This is repeated with all item combinations, resulting in the following table:
test | n | no_of_ties | CE_A | CE_B |
---|---|---|---|---|
HuehnerKacke | 4 | 0 | 100.0 | 0.0 |
HuehnerZicke | 4 | 0 | 0.0 | 100.0 |
KackeZicke | 4 | 0 | 0.0 | 100.0 |
HuehnerZacke | 4 | 0 | 0.0 | 100.0 |
KackeZacke | 4 | 0 | 25.0 | 75.0 |
ZickeZacke | 4 | 0 | 100.0 | 0.0 |
HuehnerHoiHoiHoi | 4 | 4 | 50.0 | 50.0 |
KackeHoiHoiHoi | 4 | 2 | 25.0 | 75.0 |
ZickeHoiHoiHoi | 4 | 4 | 50.0 | 50.0 |
ZackeHoiHoiHoi | 4 | 1 | 37.5 | 62.5 |
The ‘consensus error’ (CE) indicates the percent of (dis)agreement in preference within a given item pairing.
We set the threshold for deciding whether option A or B is preferred to 50% (default setting) and calculate the deviation of the smallest percentage from it (deviation = delta). (Note: the threshold can be changed in the bimpre
functions using the function objects deviation
and/or minQuantity
).
The following pseudocode illustrates how the deviation delta was calculated.
# Pseudococde - deviation calculation
for(i in 1:item_combinations){ # e.g., ZackeHoiHoiHoi
if( item[i, "CE_A" ] > item[i, "CE_B" ] ){
delta[i] <- (50 - item[i, "CE_B" ])
}else{
delta[i] <- (50 - item[i, "CE_A" ])
}
CE_raw <- 50-delta
CE <- (50-delta)/50 * 100
}
With the resulting delta value, the deviation from 50% can be calculated. A delta value of 50 means perfect consensus. Therefore: CE_raw(A,B) = 50 - delta.
This is the unstandardized Consensus Error.
The unstandardized error may be unintuitive. Therefore, it is standardized to percent range by: CE = (50-delta)/50 x 100
This is repeated with all items, resulting in the following detailed error table.
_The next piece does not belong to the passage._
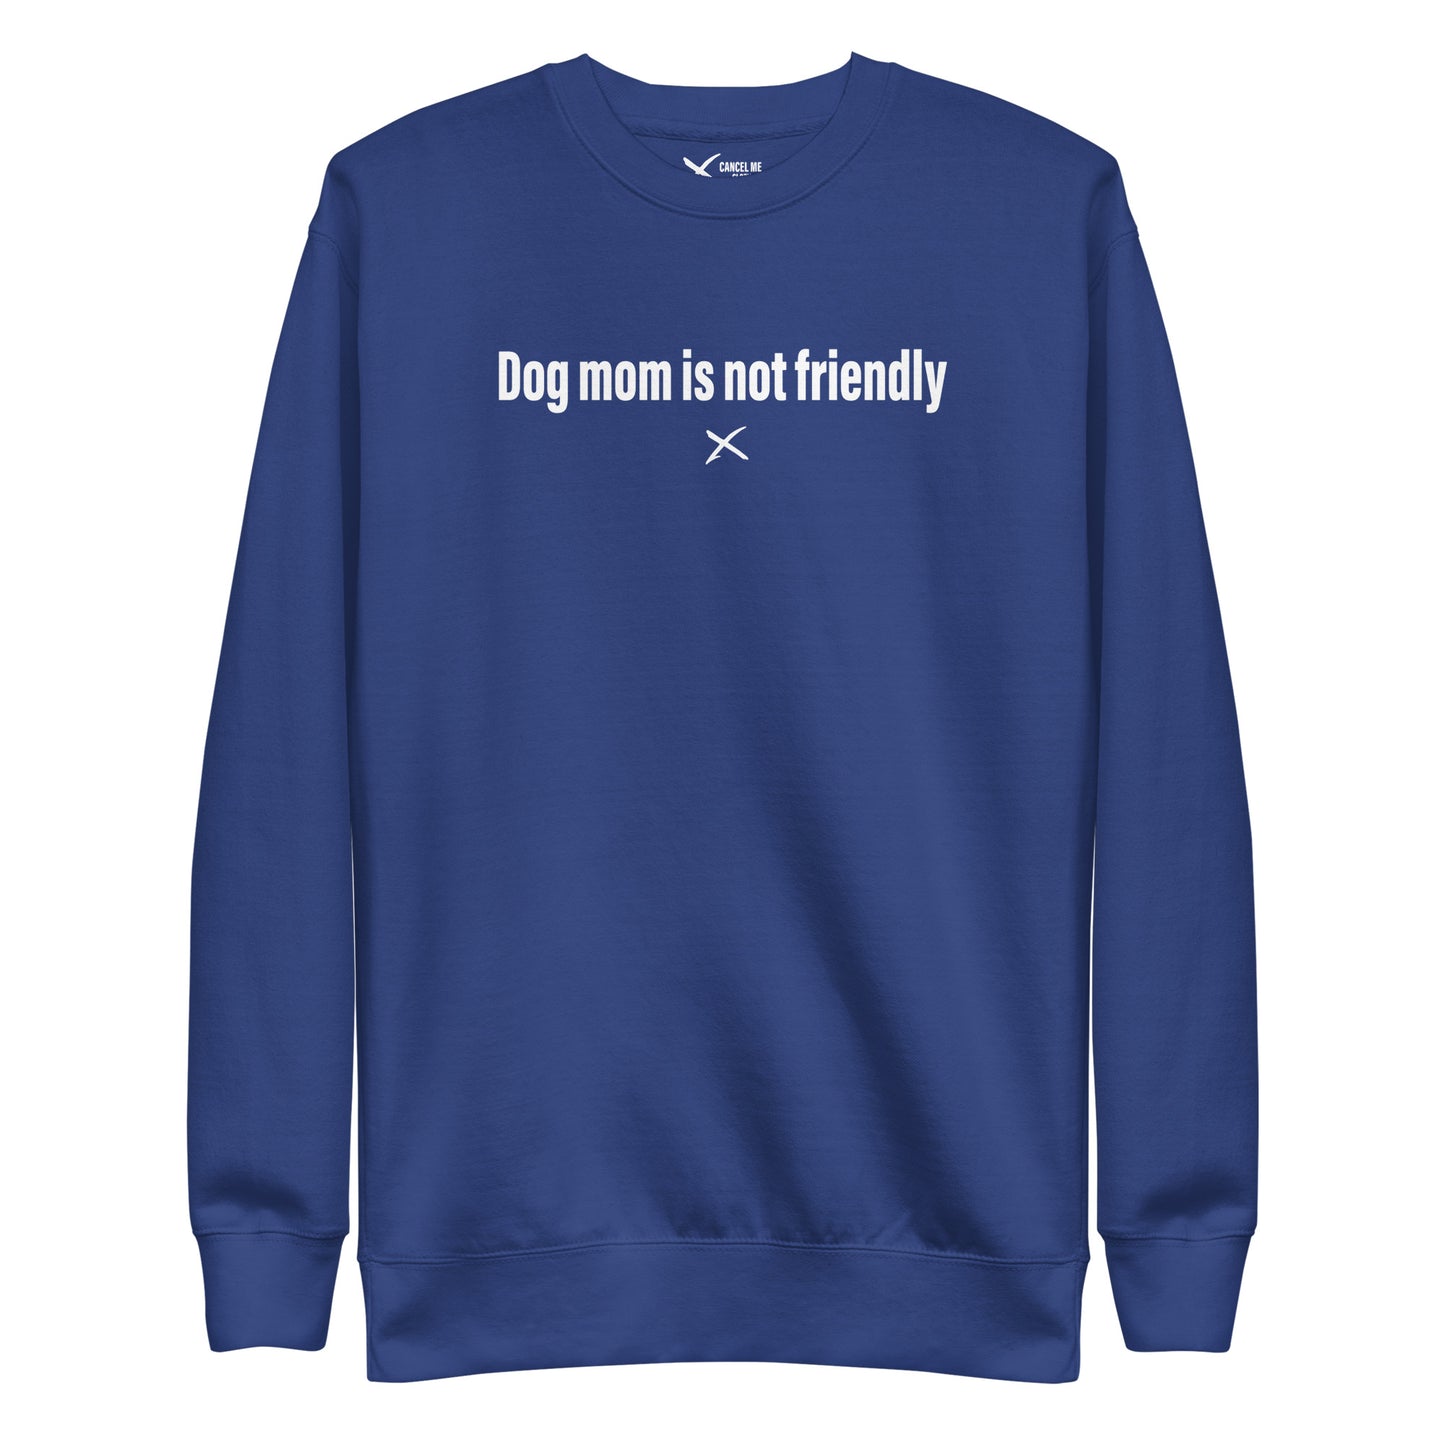 Dog mom is not friendly - Sweatshirt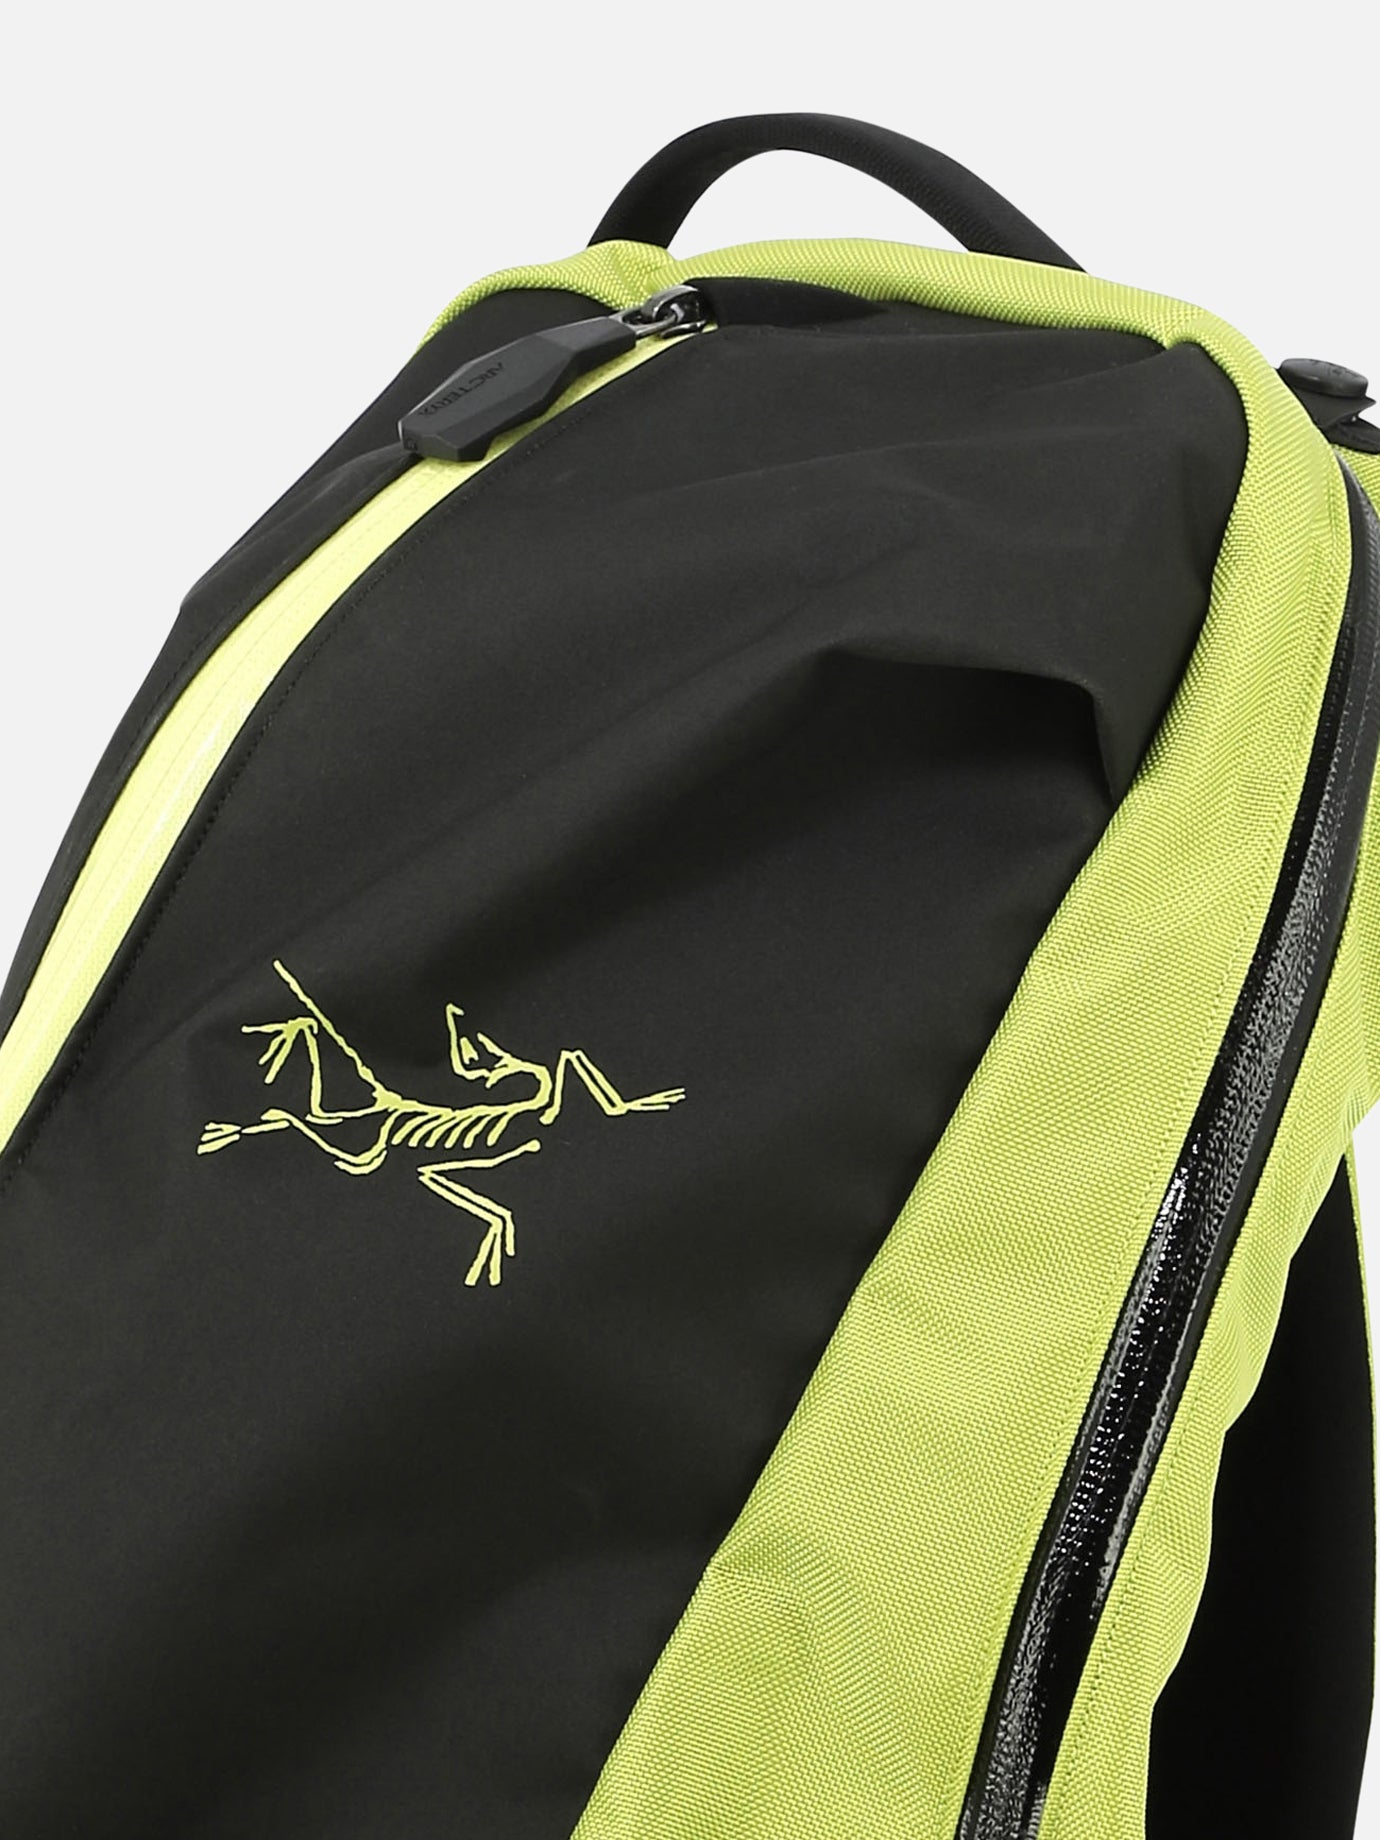 "Arro 22" backpack

item | n | no_of_ties | CE_A | CE_B | delta | CEraw | CE |
---|---|---|---|---|---|---|---|
HuehnerKacke | 4 | 0 | 100.0 | 0.0 | 50.0 | 0.0 | 0 |
HuehnerZicke | 4 | 0 | 0.0 | 100.0 | 50.0 | 0.0 | 0 |
KackeZicke | 4 | 0 | 0.0 | 100.0 | 50.0 | 0.0 | 0 |
HuehnerZacke | 4 | 0 | 0.0 | 100.0 | 50.0 | 0.0 | 0 |
KackeZacke | 4 | 0 | 25.0 | 75.0 | 25.0 | 25.0 | 50 |
ZickeZacke | 4 | 0 | 100.0 | 0.0 | 50.0 | 0.0 | 0 |
HuehnerHoiHoiHoi | 4 | 4 | 50.0 | 50.0 | 0.0 | 50.0 | 100 |
KackeHoiHoiHoi | 4 | 2 | 25.0 | 75.0 | 25.0 | 25.0 | 50 |
ZickeHoiHoiHoi | 4 | 4 | 50.0 | 50.0 | 0.0 | 50.0 | 100 |
ZackeHoiHoiHoi | 4 | 1 | 37.5 | 62.5 | 12.5 | 37.5 | 75 |
The detailed error table is summarized for each item by reporting the average CE together with the worth value. The final error table is, therefore:
item | n | worth | CE | label | |
---|---|---|---|---|---|
2 | Huehner | 4 | 0.0540780 | 25.00 | Huehner (CE=25%) |
3 | Kacke | 4 | 0.0176131 | 25.00 | Kacke (CE=25%) |
4 | Zicke | 4 | 0.6293618 | 25.00 | Zicke (CE=25%) |
5 | Zacke | 4 | 0.1247277 | 31.25 | Zacke (CE=31.25%) |
1 | HoiHoiHoi | 4 | 0.1742194 | 81.25 | HoiHoiHoi (CE=81.25%) |
Finally, the total CE is calculated as the average of the averaged item CEs ( here: 5 items).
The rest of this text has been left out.